Segment Open
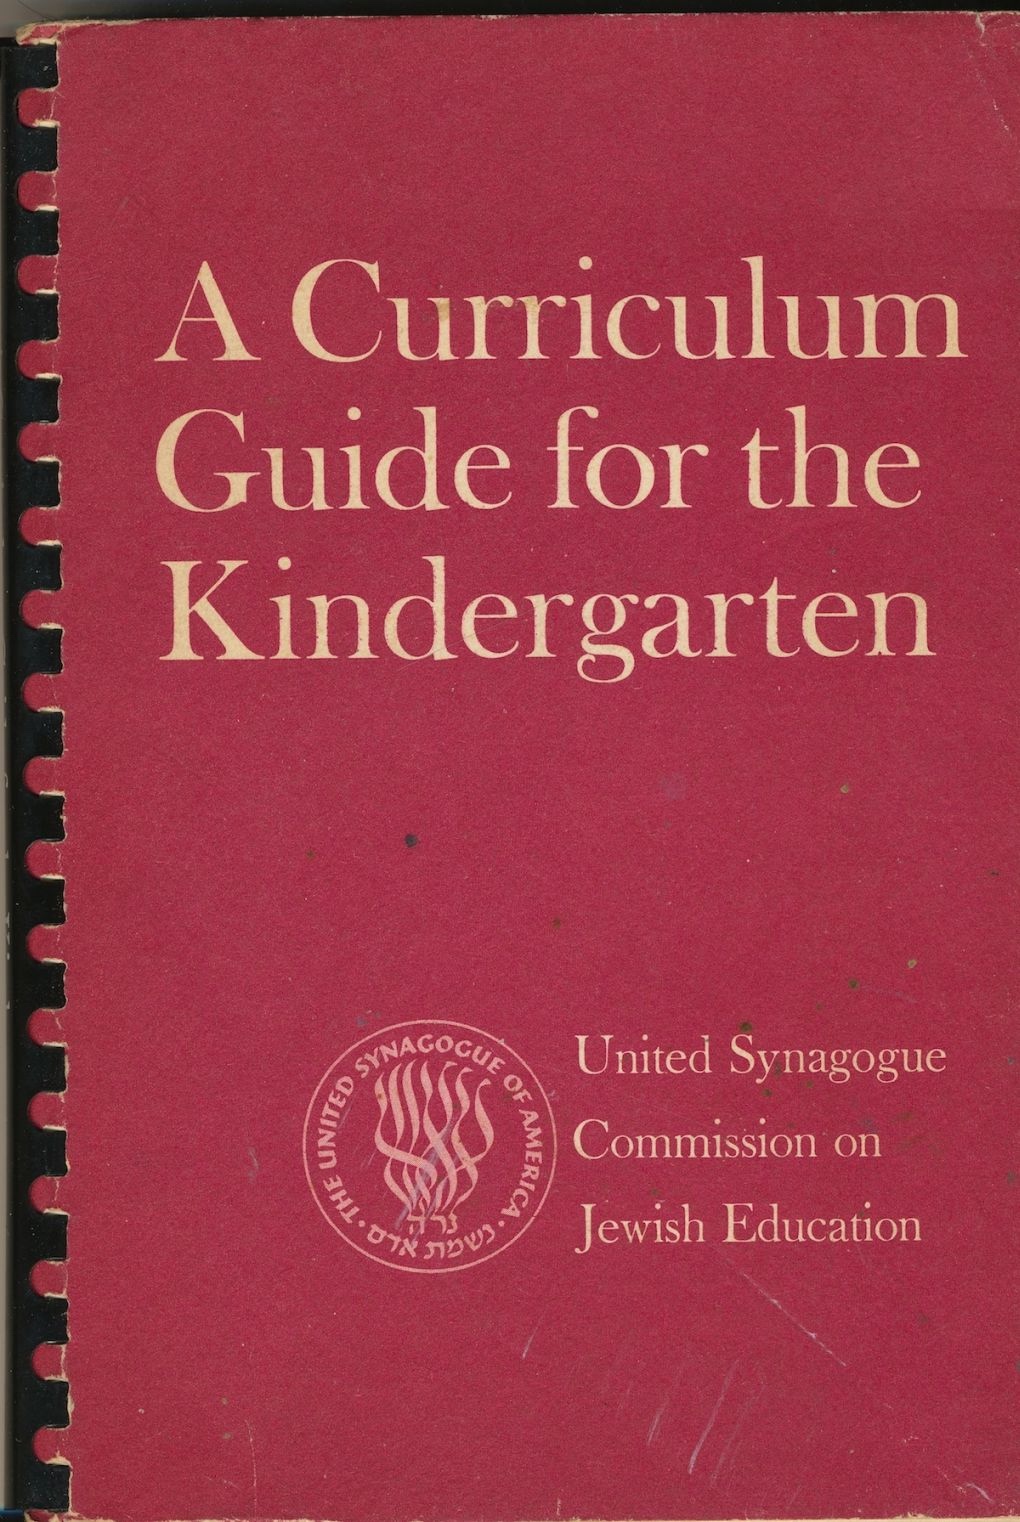 CHANOVER, HYMAN (CHAIR AND EDITOR) ; FRANCES GELBART; LEAH LESHEFSKY, ASENATH ROSENBERG - A Curriculum Guide for the Kindergarten
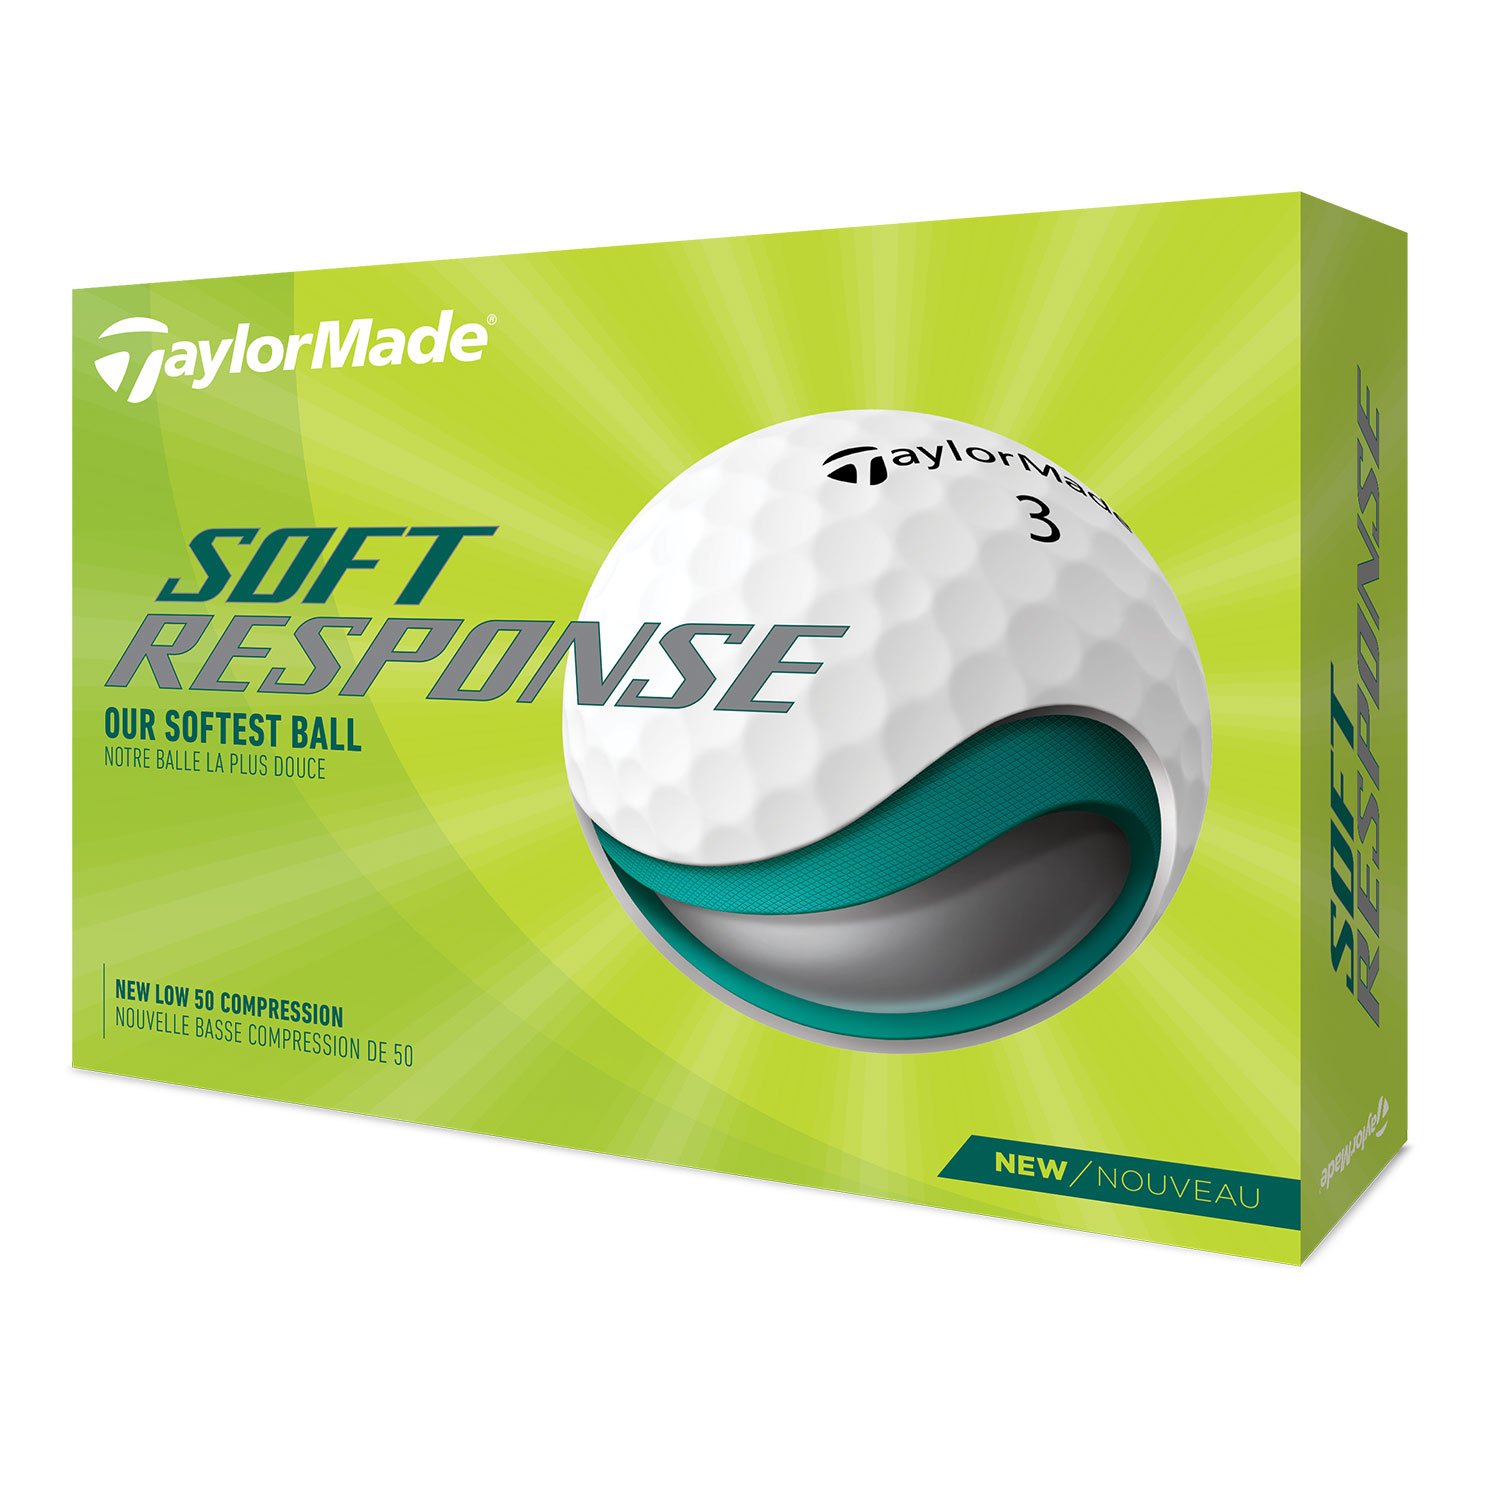 Brug TaylorMade Soft Response Golfbolde til en forbedret oplevelse
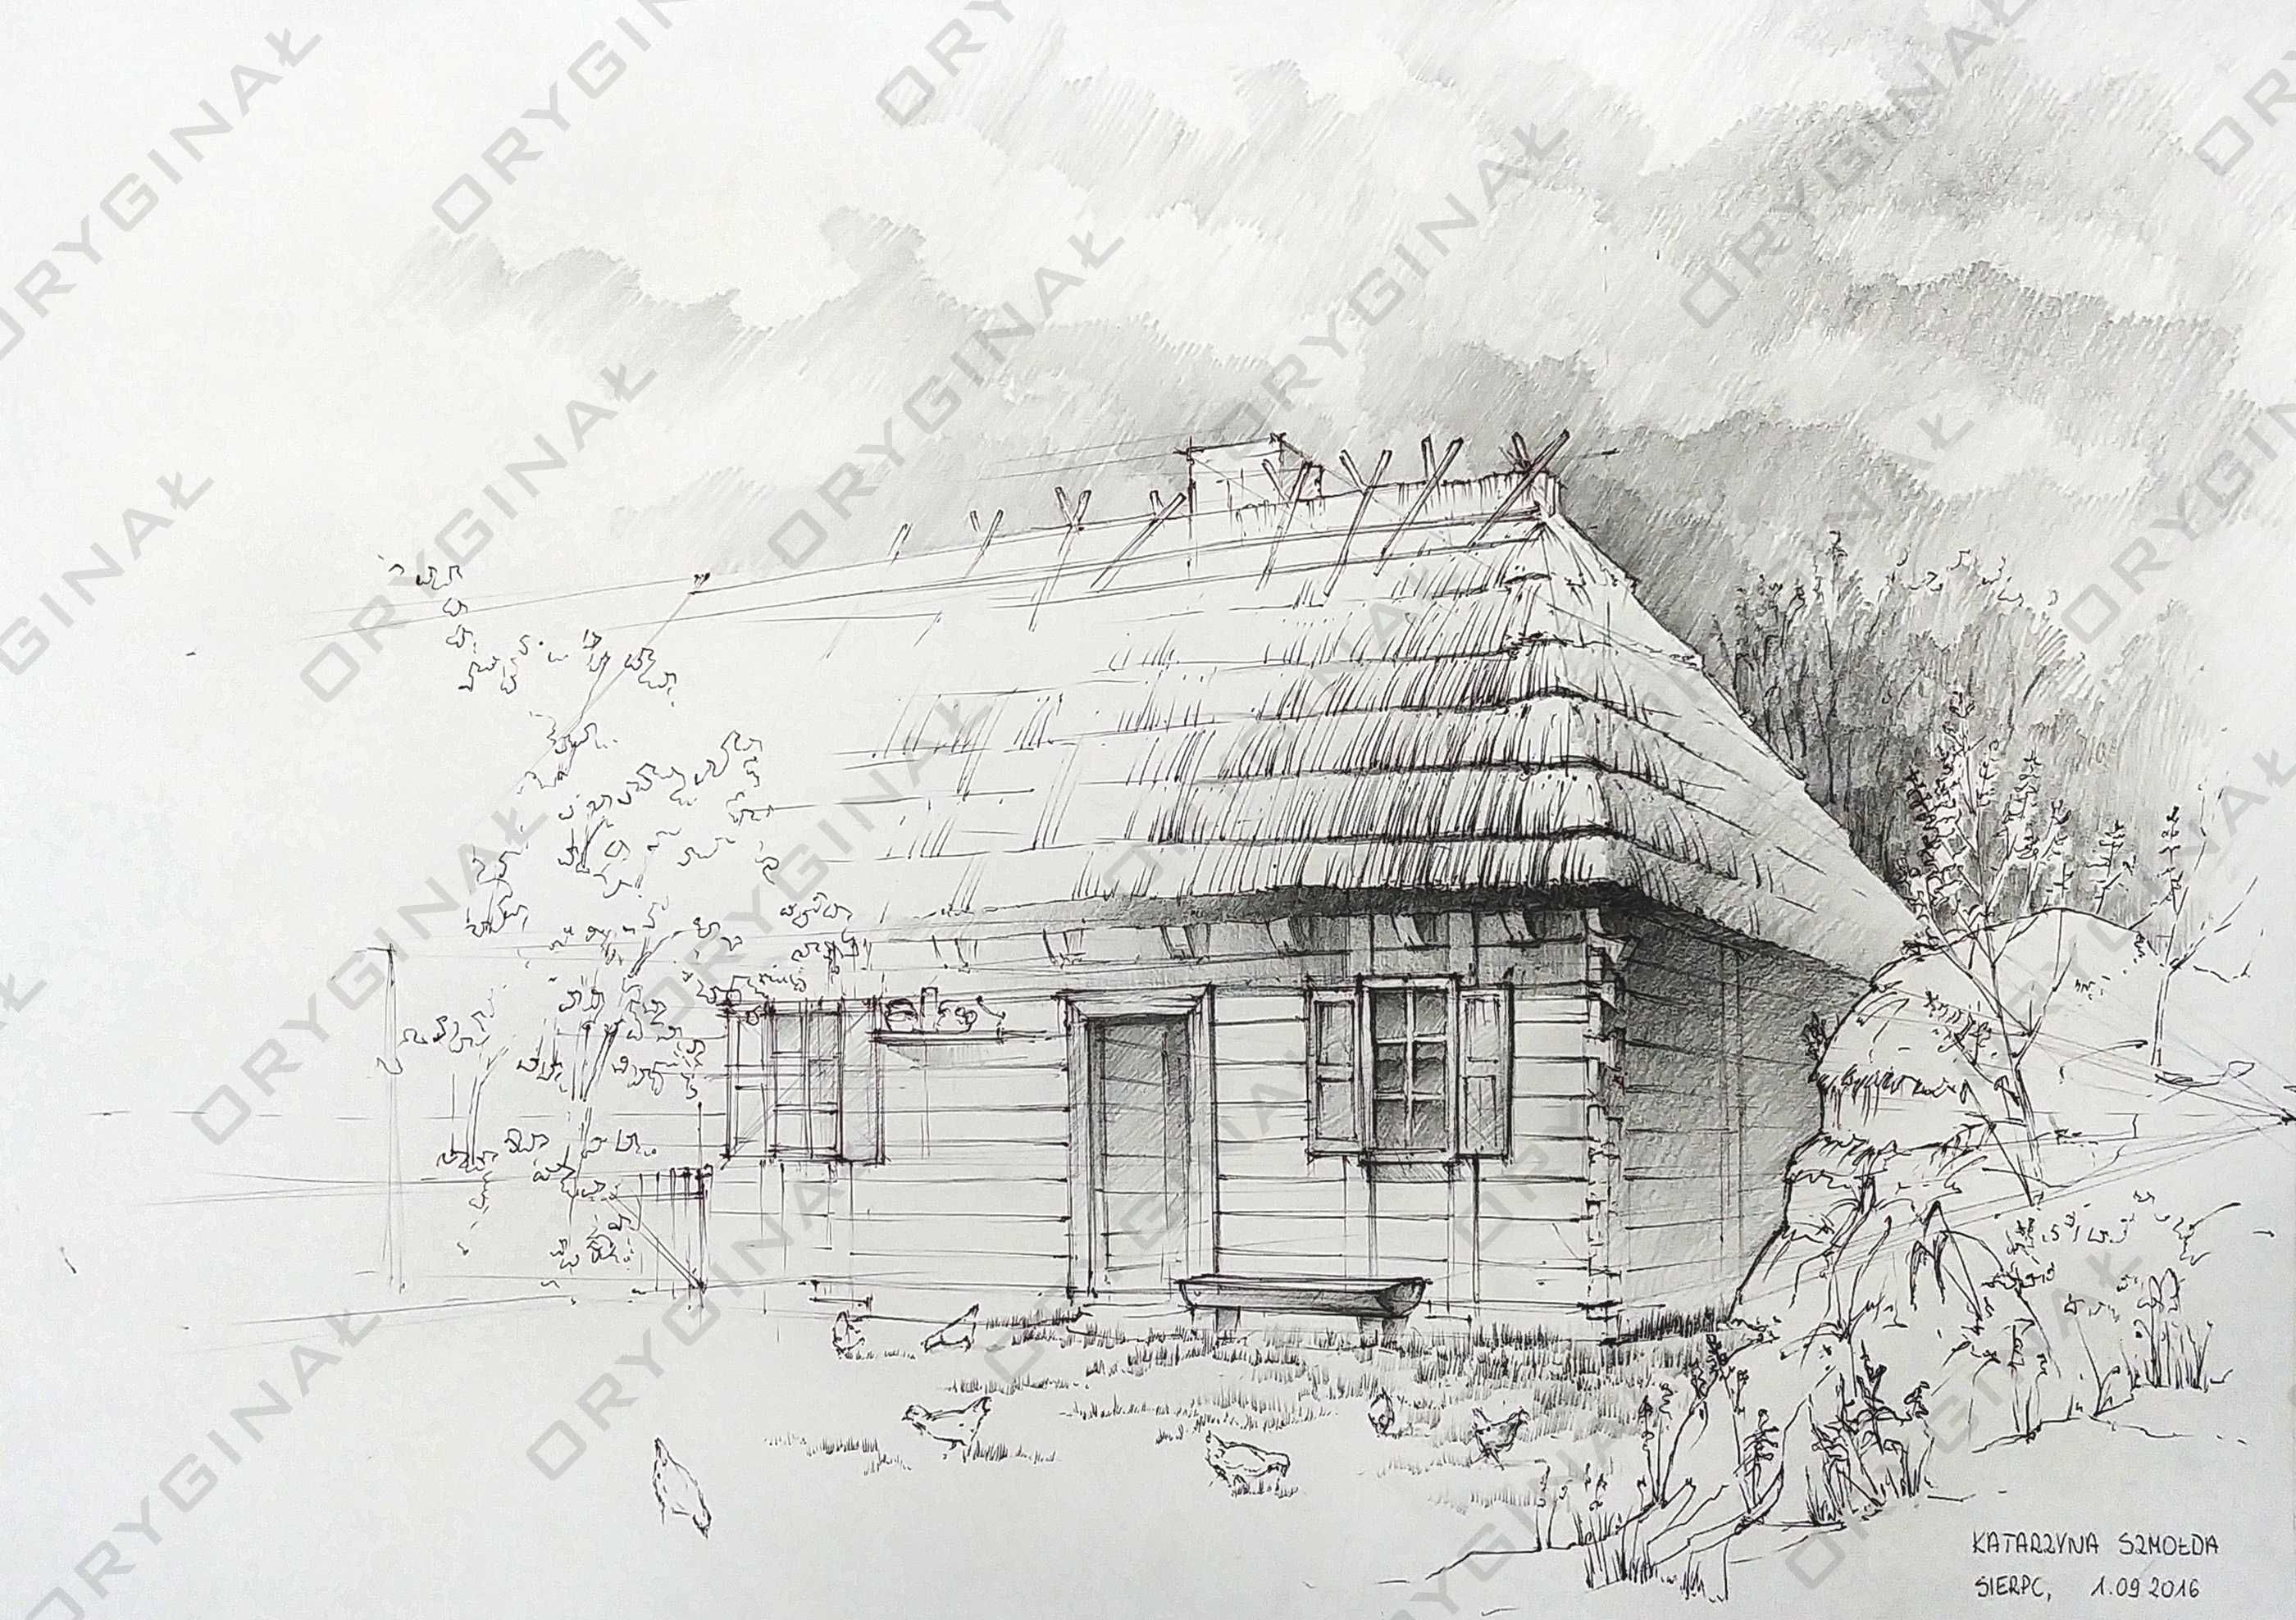 Obraz Rysunek odręczny 35 x 50 - ołówek, długopis - architektura, wieś
Segment Closed
- **REQUIRED WORK**
Your copy must begin at the line containing "Brug TaylorMade Soft" and end at the last line of the material above. Reproduce each line exactly, but not the pictures.

- **ANSWER TO THIS PROBLEM**
 Brug TaylorMade Soft Response Golfbolde til en forbedret oplevelse
 Obraz Rysunek odręczny 35 x 50 - ołówek, długopis - architektura, wieś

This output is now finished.